DATA BLOCK Block Start

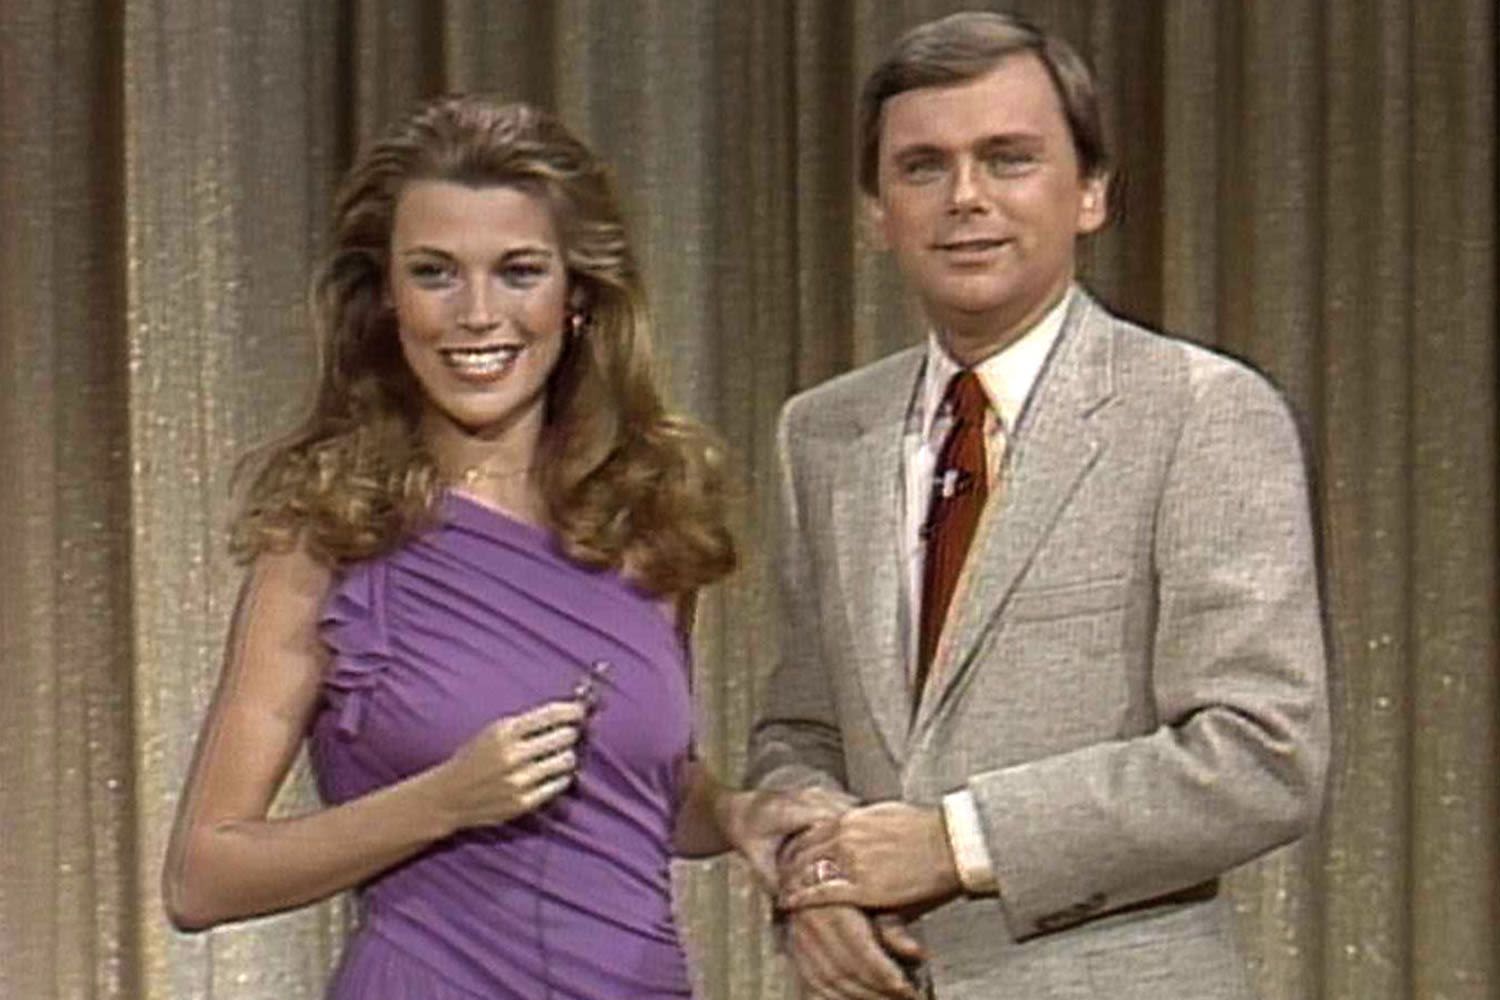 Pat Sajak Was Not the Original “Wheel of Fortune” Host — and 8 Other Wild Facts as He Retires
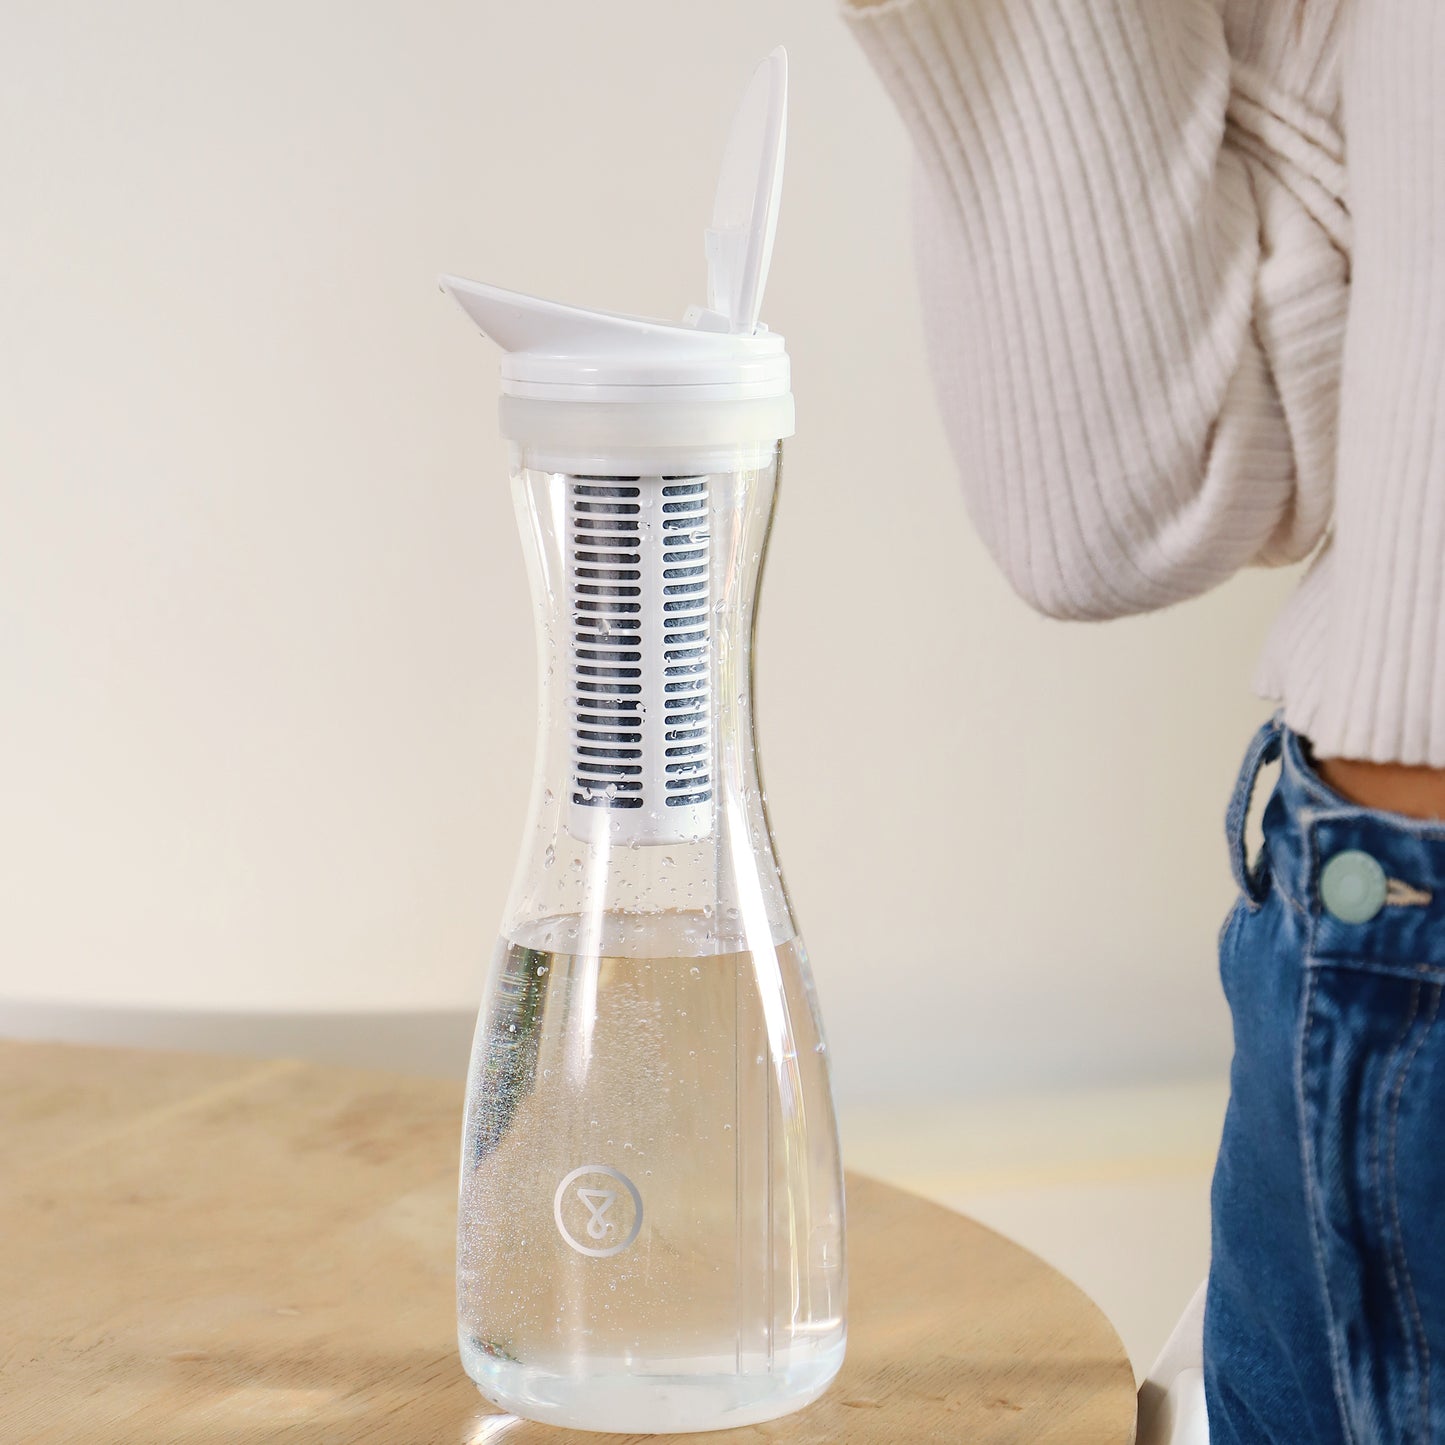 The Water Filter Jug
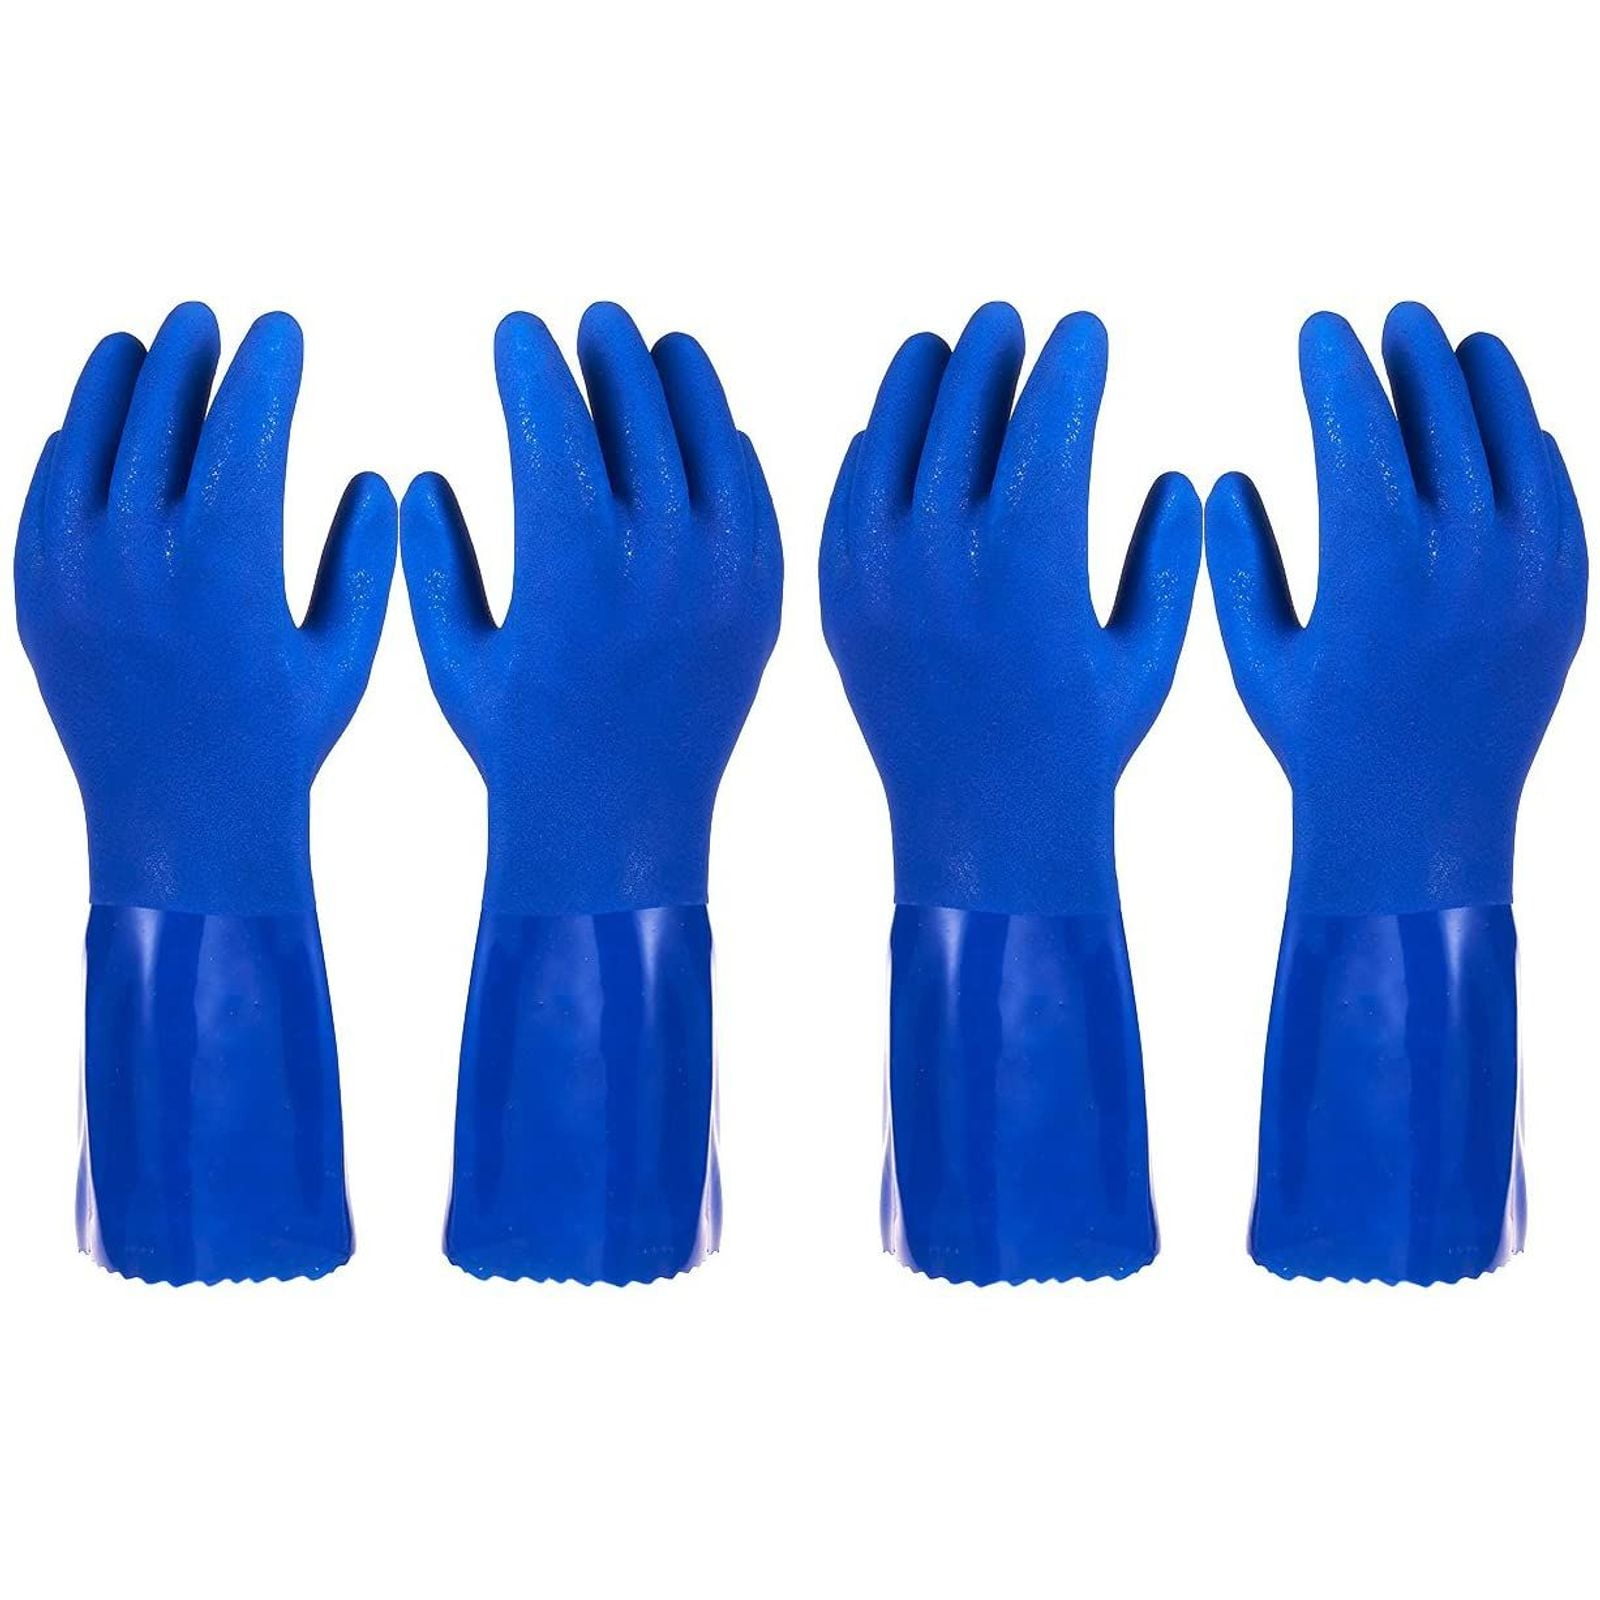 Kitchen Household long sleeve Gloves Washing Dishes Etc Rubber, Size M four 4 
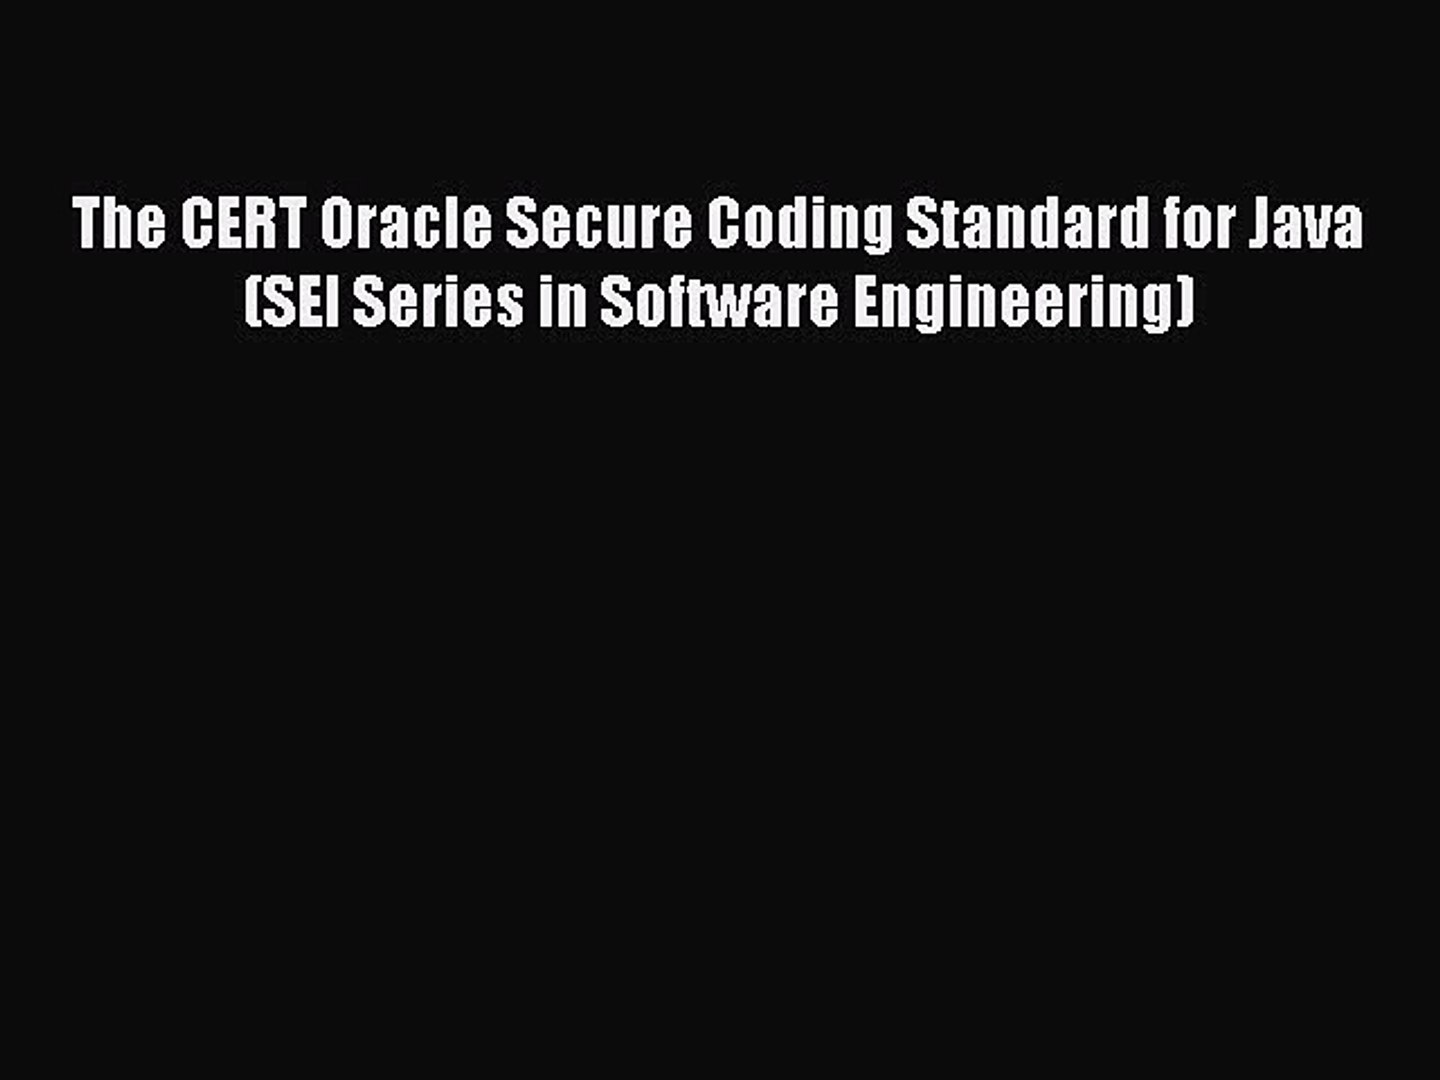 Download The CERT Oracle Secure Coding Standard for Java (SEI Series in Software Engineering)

DATA BLOCK Block End

▶ _PROBLEM DESCRIPTION_
Make an exact printout of the listing above, omitting the images.

▶ _RESPONSE TO THIS TASK_
 Pat Sajak Was Not the Original “Wheel of Fortune” Host — and 8 Other Wild Facts as He Retires
 The Water Filter Jug
 Kitchen Household long sleeve Gloves Washing Dishes Etc Rubber, Size M four 4 
 Download The CERT Oracle Secure Coding Standard for Java (SEI Series in Software Engineering)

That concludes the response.